Alzarsi dal letto con fatica, lavarsi, rassettare casa, uscire a comprare qualcosa da mettere sotto i denti, andare a lavoro, chiamare Becca la mia migliore amica, o scambiare qualche messaggio.
Ecco com'era la mia vita, niente più niente meno.
Un semplice schema che eseguivo tutti i giorni senza particolari deviazioni.Zero emozioni era il mio motto, l'unica sicurezza per non soffrire più.
Provavo sentimenti puri per pochissime persone e una di queste era Becca.
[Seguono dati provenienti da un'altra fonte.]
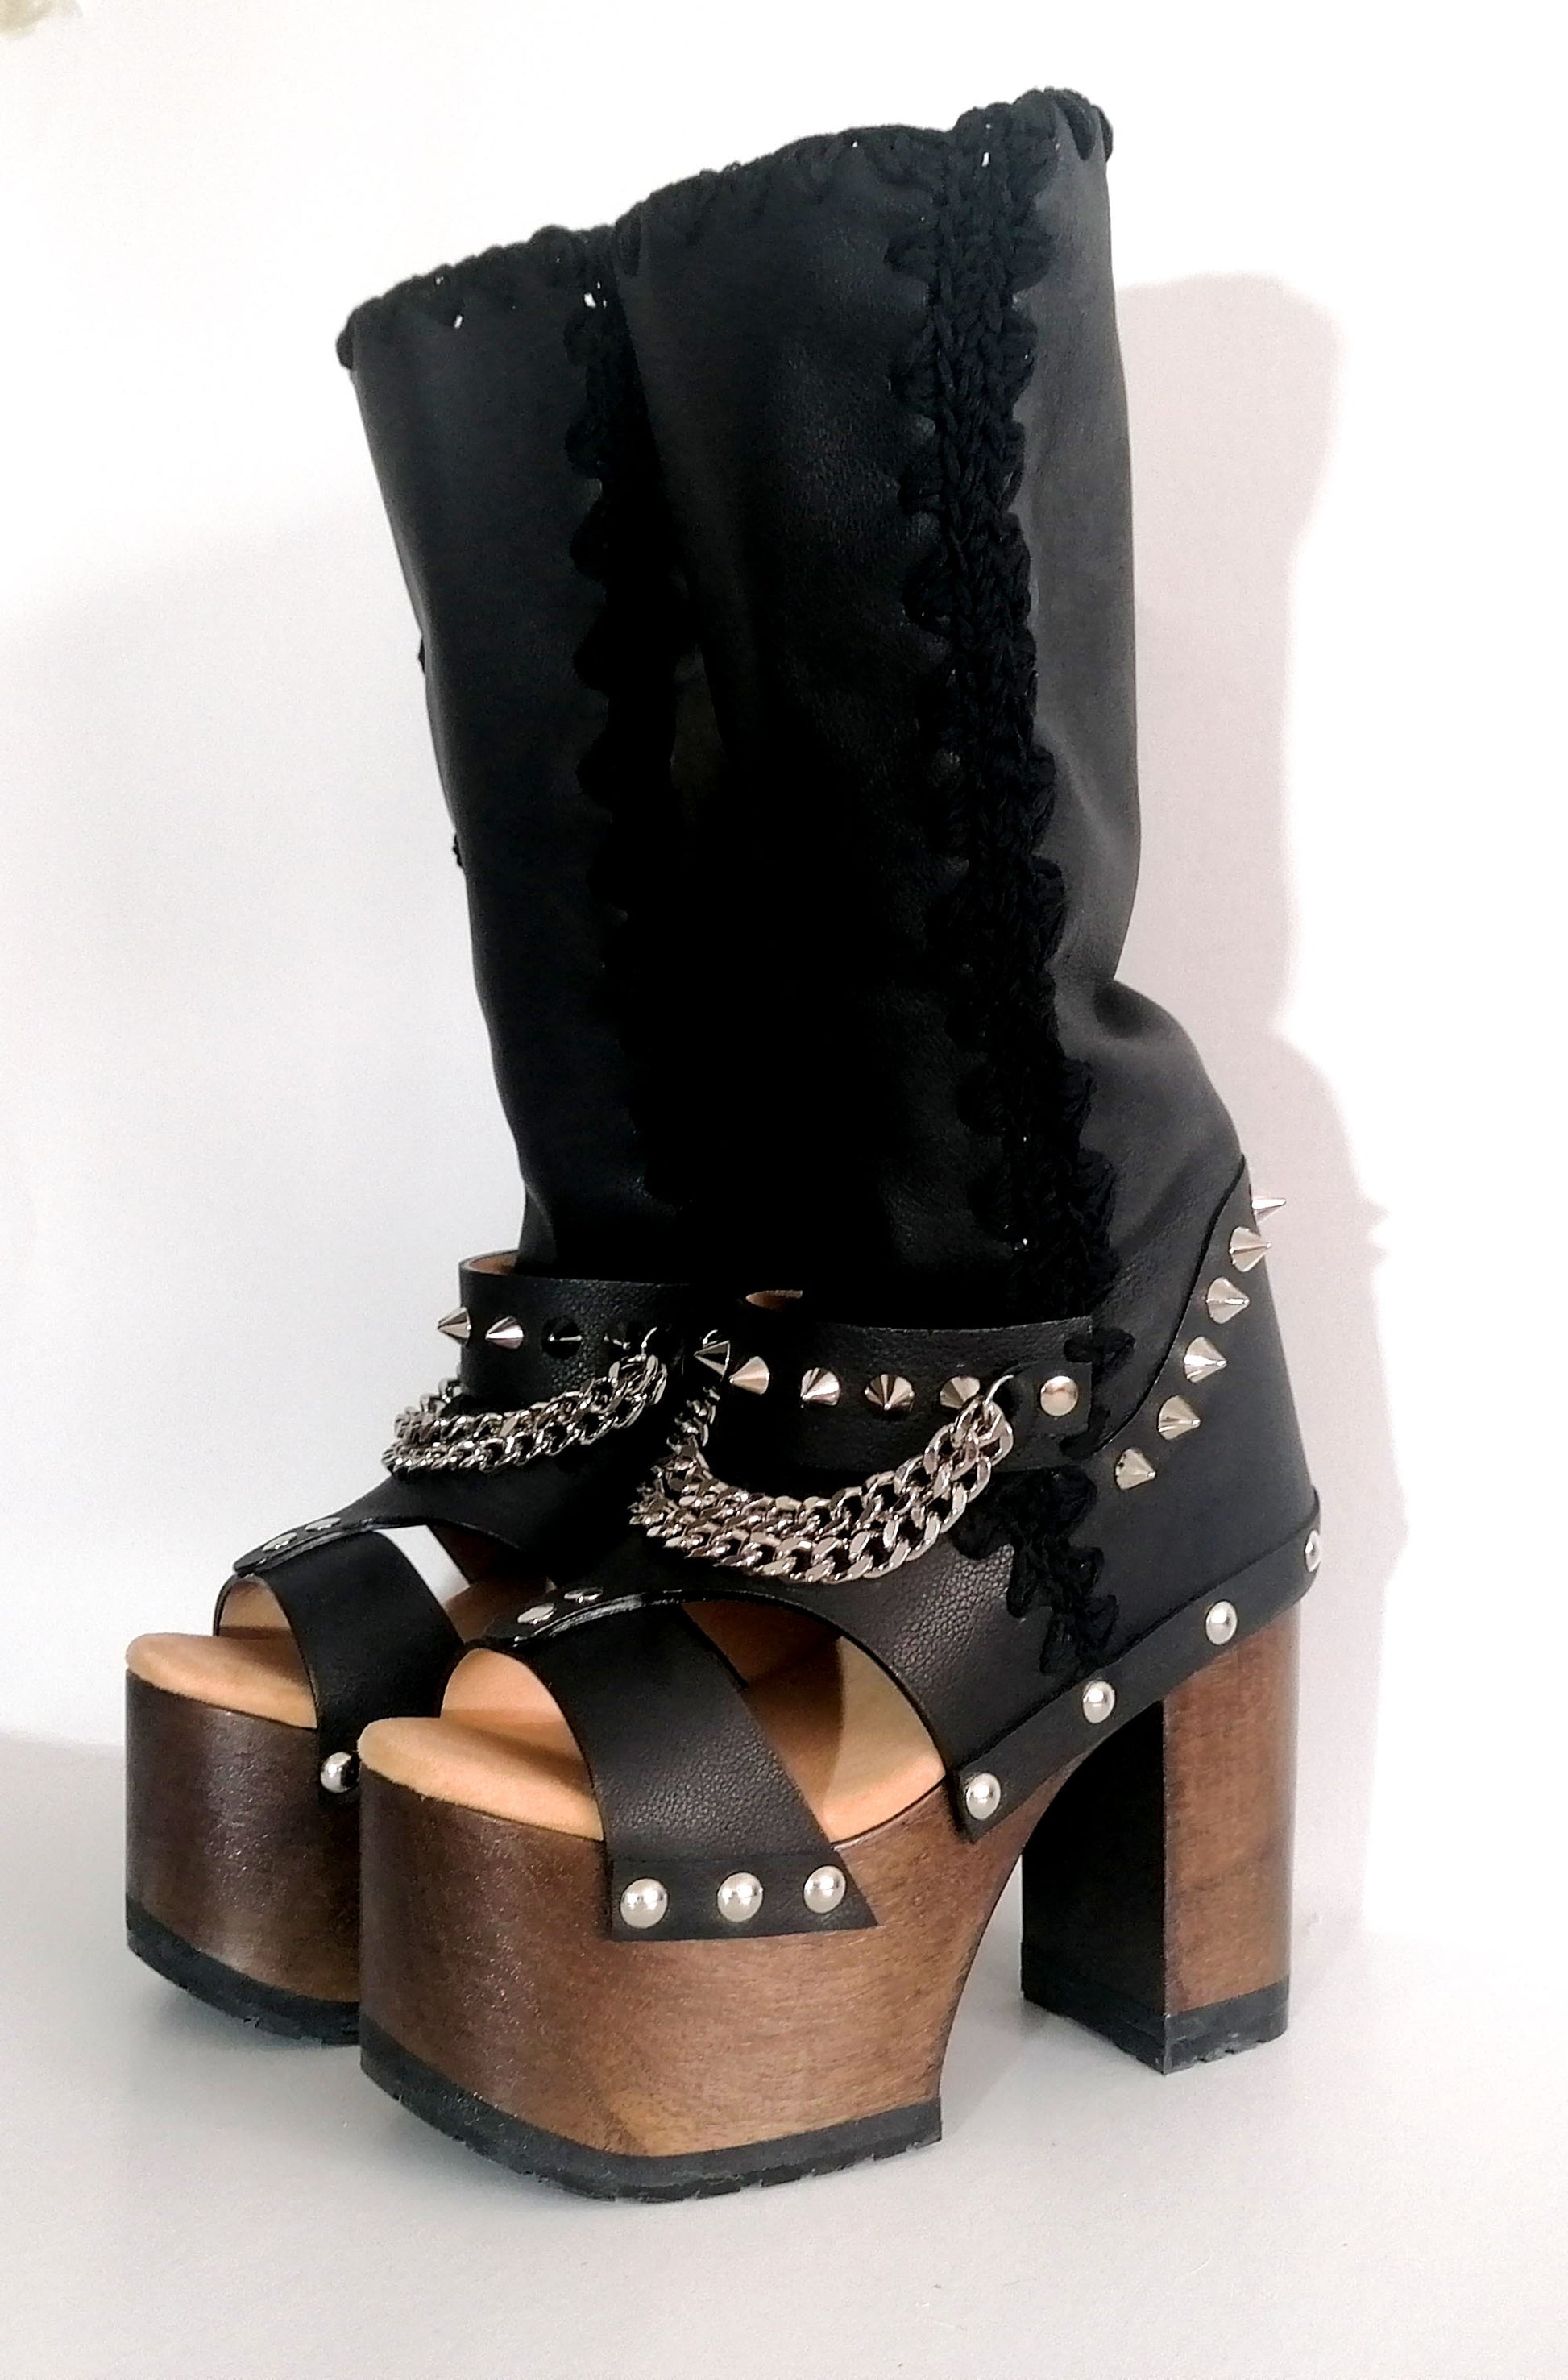 Black platform sandal with super high heel. Black super high heel platform boot with studs and silver chains. Super high heel biker style boot. Sizes 34 to 47. Handmade leather shoes by sol Caleyo.

Grazie alla borsa di studio che avevamo ottenuto, avremmo dovuto fare l'esperienza del college insieme. Ma la vita volle che io ci rinunciassi.Infilai svogliatamente il vestitino nero per andare a lavoro. Truccai leggermente il viso con un velo di fard, una passata di mascara e un po' di rossetto rosso che faceva contrasto con la mia pelle chiara. Ravvivai i capelli troppo lunghi e di un castano insignificante passandoci le mani, districando i nodi.
Uscii di casa correndo, come tutte le sere, per non arrivare in ritardo.
Al luxury non erano permessi ritardi, nemmeno cinque minuti erano tollerati.Quattrocentocinque erano i passi che separavano il mio appartamento dalla metro, cinquecentodue quelli che distanziavano la fermata dal club.
Li contavo ogni sera, era una sorta di gioco.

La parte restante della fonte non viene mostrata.